I'm surprised that the following hasn't been stated yet. All of the answers given so far seem to be "after the fact" explanations of something that is really based on the way people built most (not all) early computers as binary machines.

To make things a bit more compact here, I'll assume we are creating a 4 bit (nibble) based machine. We don't want to use more binary components to build a nibble than we need to because we are cheap, so we use four bi-stable components (relays, vacuum tubes, transistors). We think of (perhaps) the two states as zero and one rather than, say, red and green.

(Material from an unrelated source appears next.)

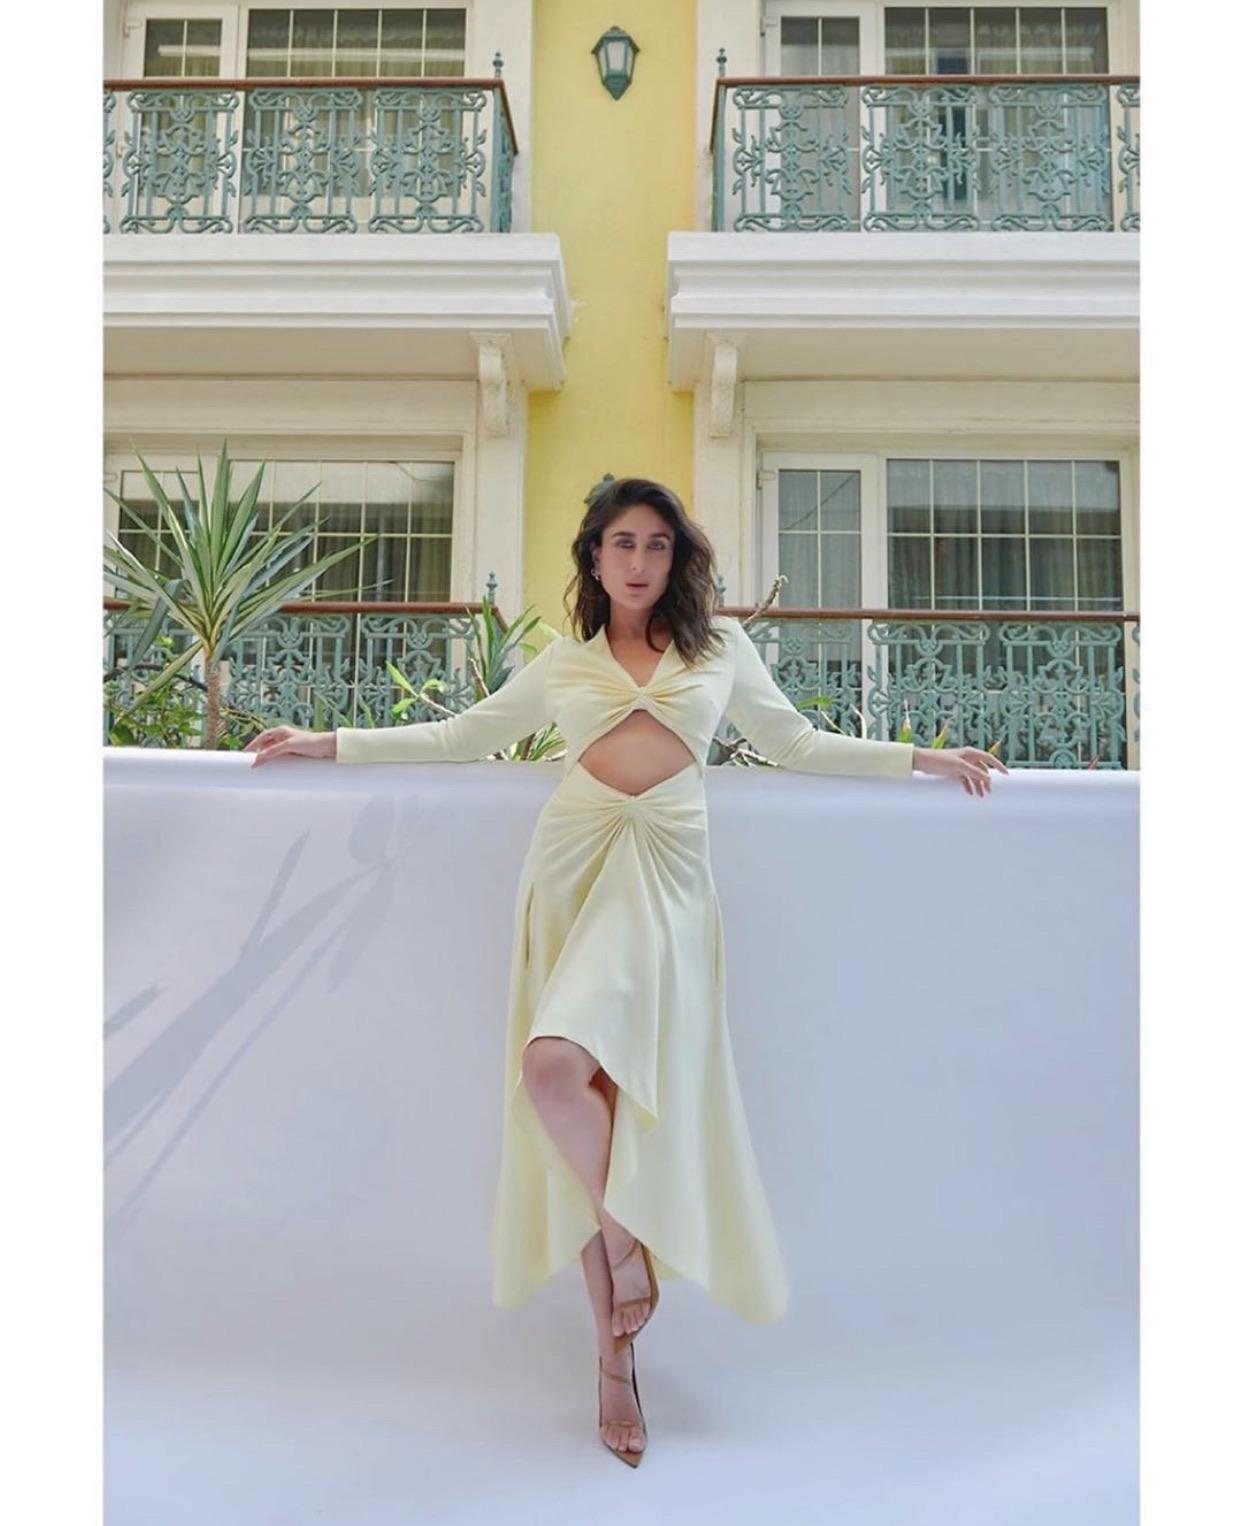 Fashion Face-off: Priyanka Chopra, Kareena Kapoor Don Similar Style in Latest Outfits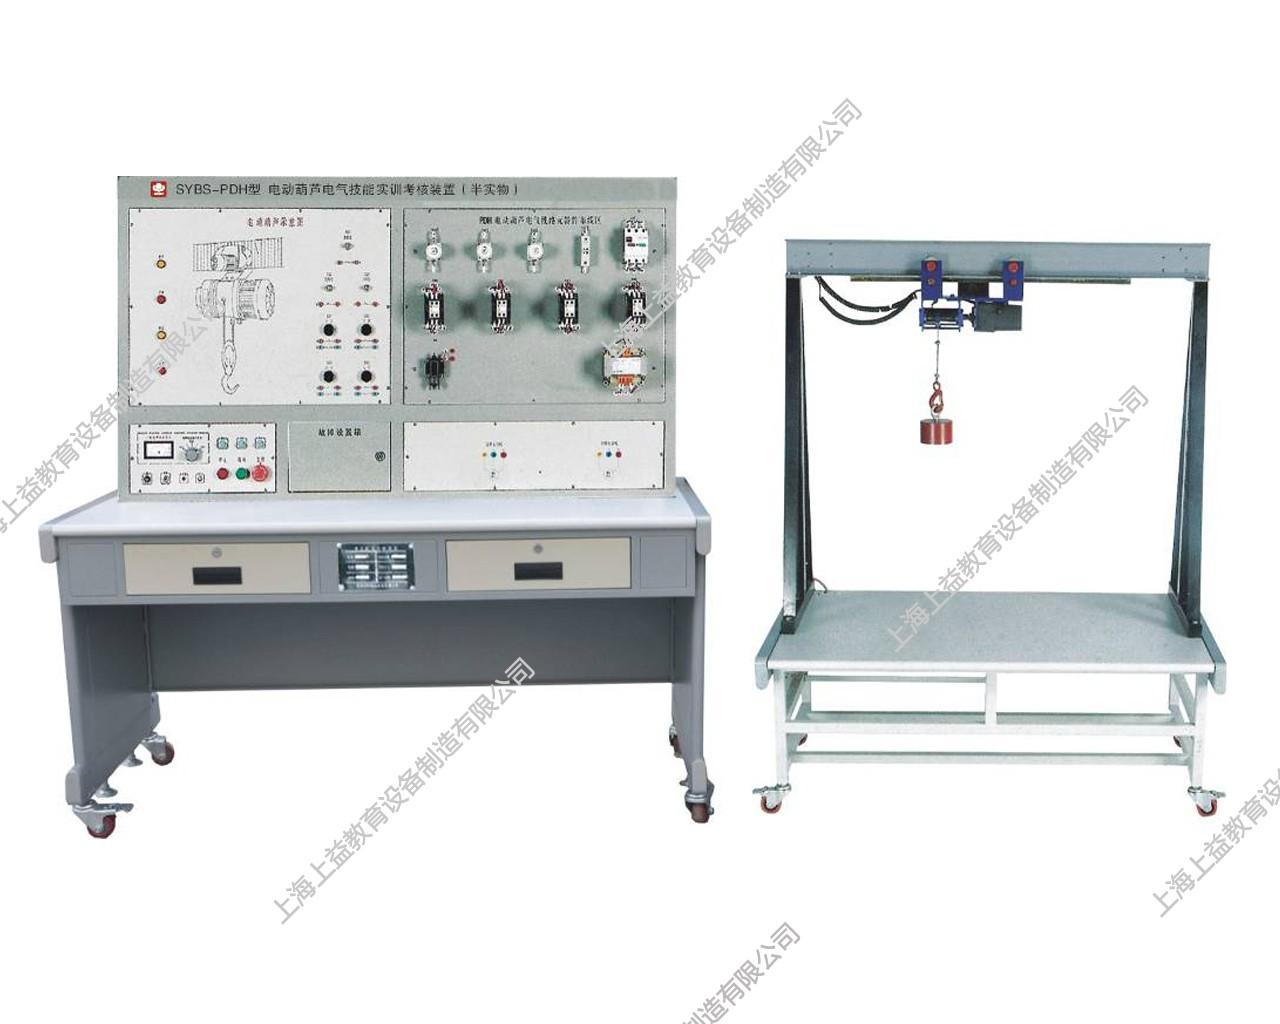 SYBS-PDH电动葫芦电气技能wwwlehu8viplehu68vip装置(半实物)

So we have (0000) through (1111) as the combinations of the four transistors of a nibble. We can interpret them any way that we like. Suppose we want to interpret them as integers. How shall we assign the different codes to integers. We could let (0000) represent 42, a fundamental universal constant, and (0001) represent 3, an approximation to pi and so on, but we realize pretty soon that any computations we want to do with such an encoding would be pretty complex - and complexity in a machine costs money. We are cheap, remember.

So we notice that the codings are actually binary numbers. Well almost nobody used binary numbers before this so we start to think about it seriously now, as they have an application. I note that some early computers were actually decimal, not binary, but they recognized that while convenient it wasn't cheap.

Now, using binary numbers, not just binary encoding, it becomes "obvious" that the codes represent zero through fifteen, not one through sixteen. Using (0000) to represent 1 just seems dumb at this level - and at this time.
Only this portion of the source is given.